### Problem to solve
Transcribe only what runs from the line containing "Relaxačná masáž tváre" through the final line below, exactly, and leave every picture out.

### Collected material
——

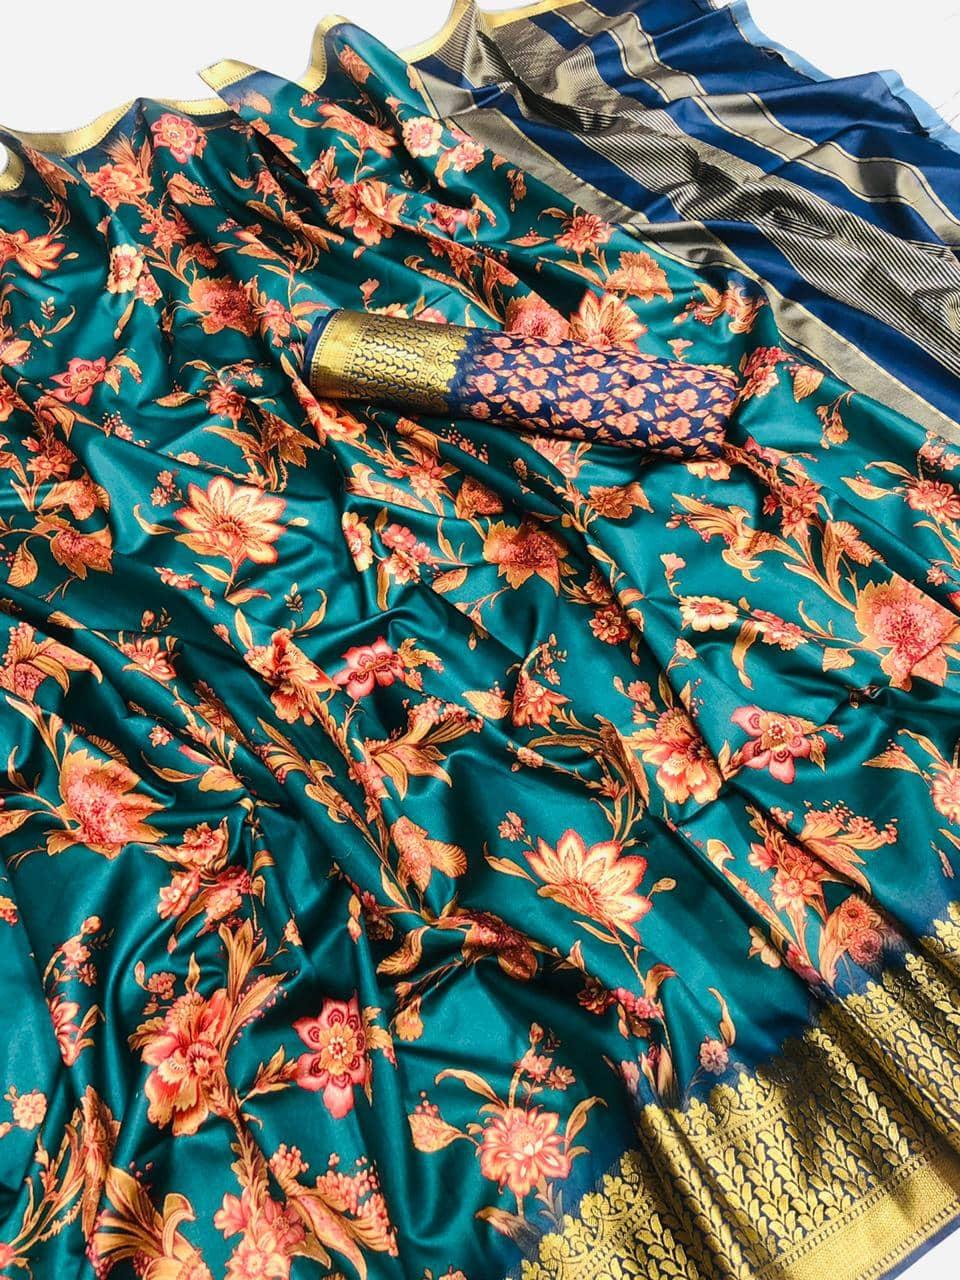 Soft cotton jacquard border with digital printed saree dvz0001536
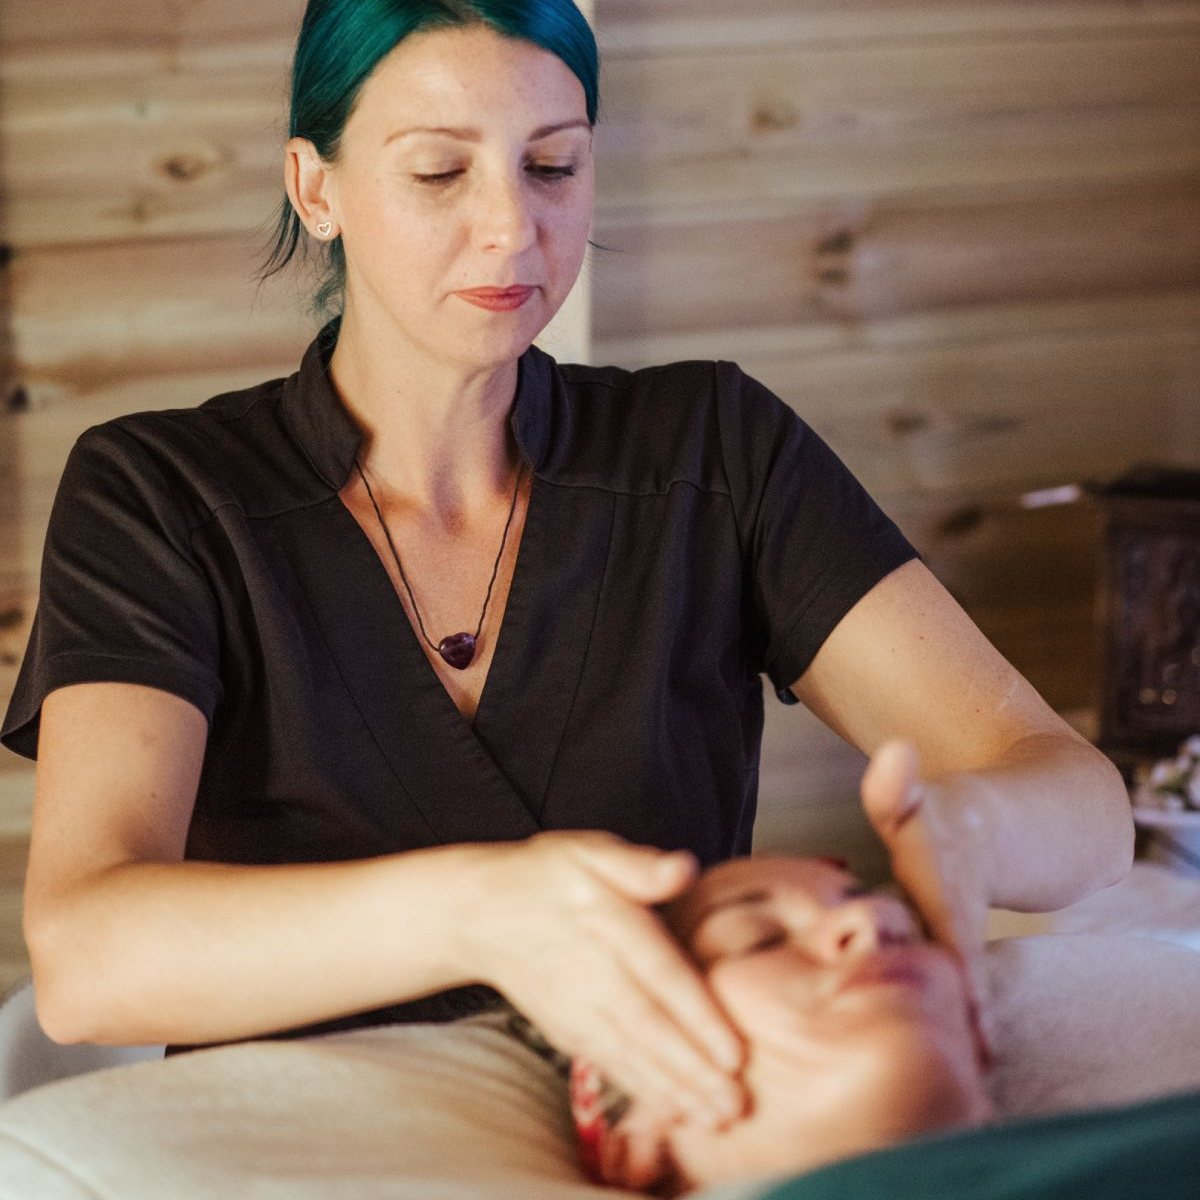 Relaxačná masáž tváre
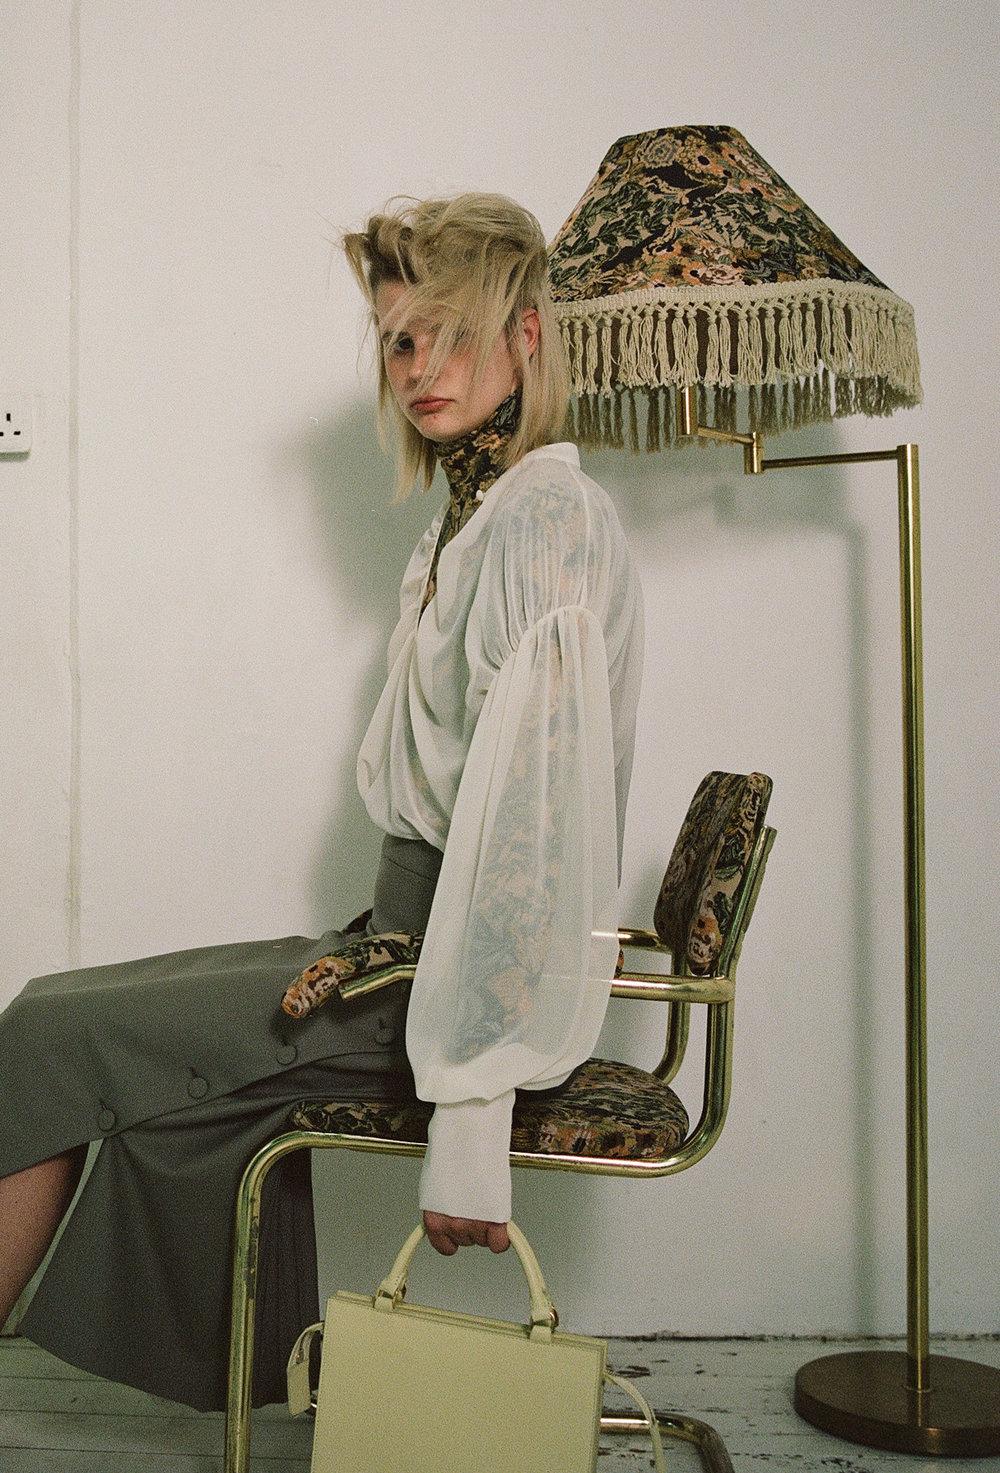 rokh_ss19_collection_fashion_vogue_lookbook_006.jpg
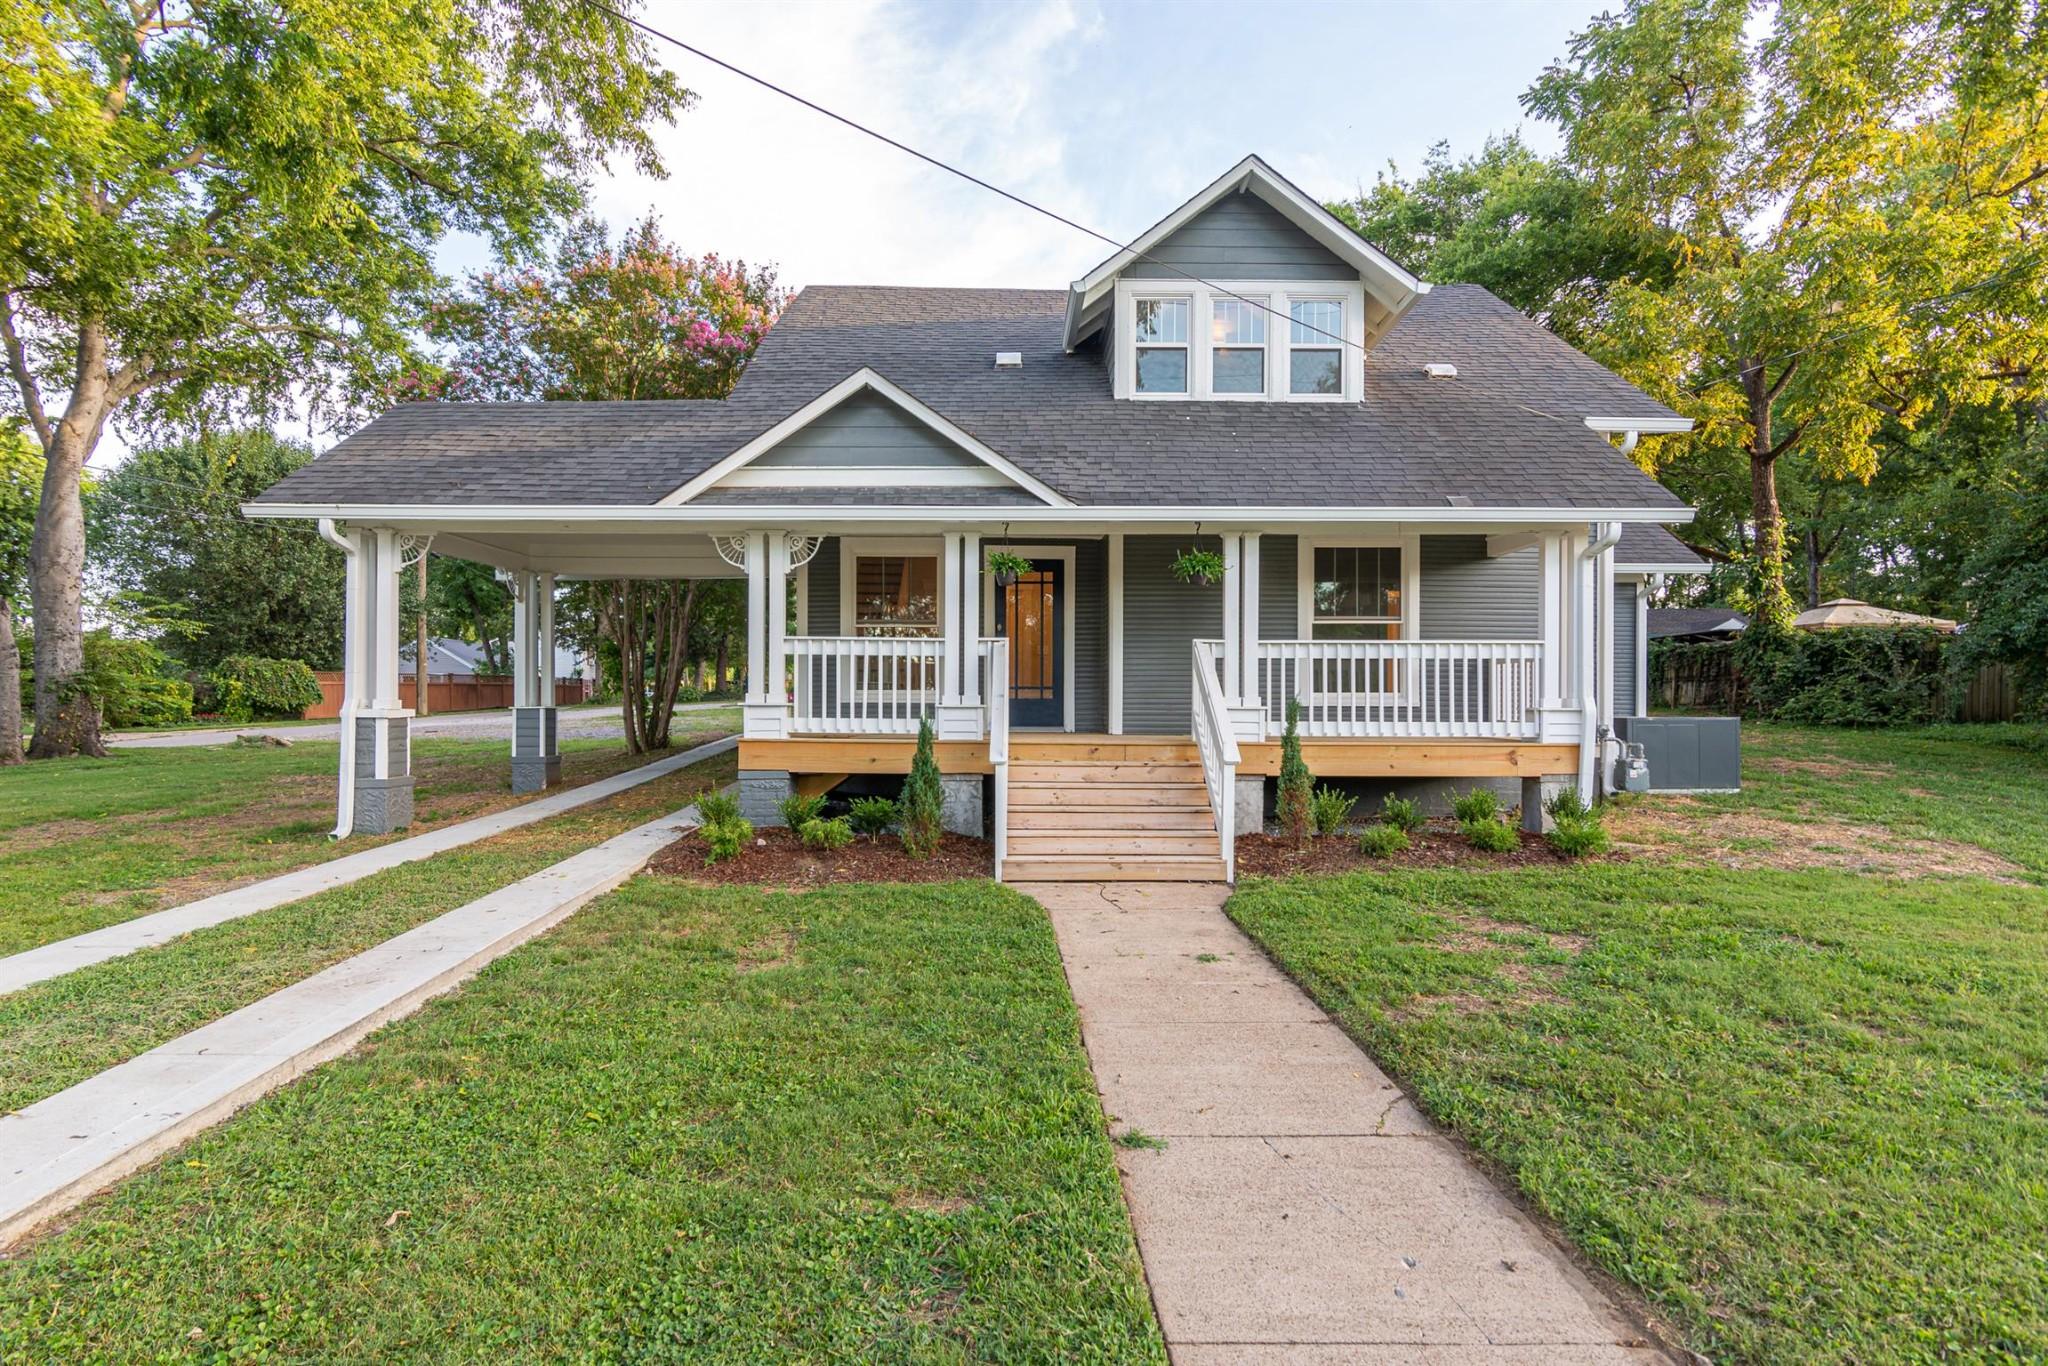 6211 Robertson Ave, Nashville, TN 37209 - Nashville, TN real estate listing

——

### Exercise solution
 Relaxačná masáž tváre
 rokh_ss19_collection_fashion_vogue_lookbook_006.jpg
 6211 Robertson Ave, Nashville, TN 37209 - Nashville, TN real estate listing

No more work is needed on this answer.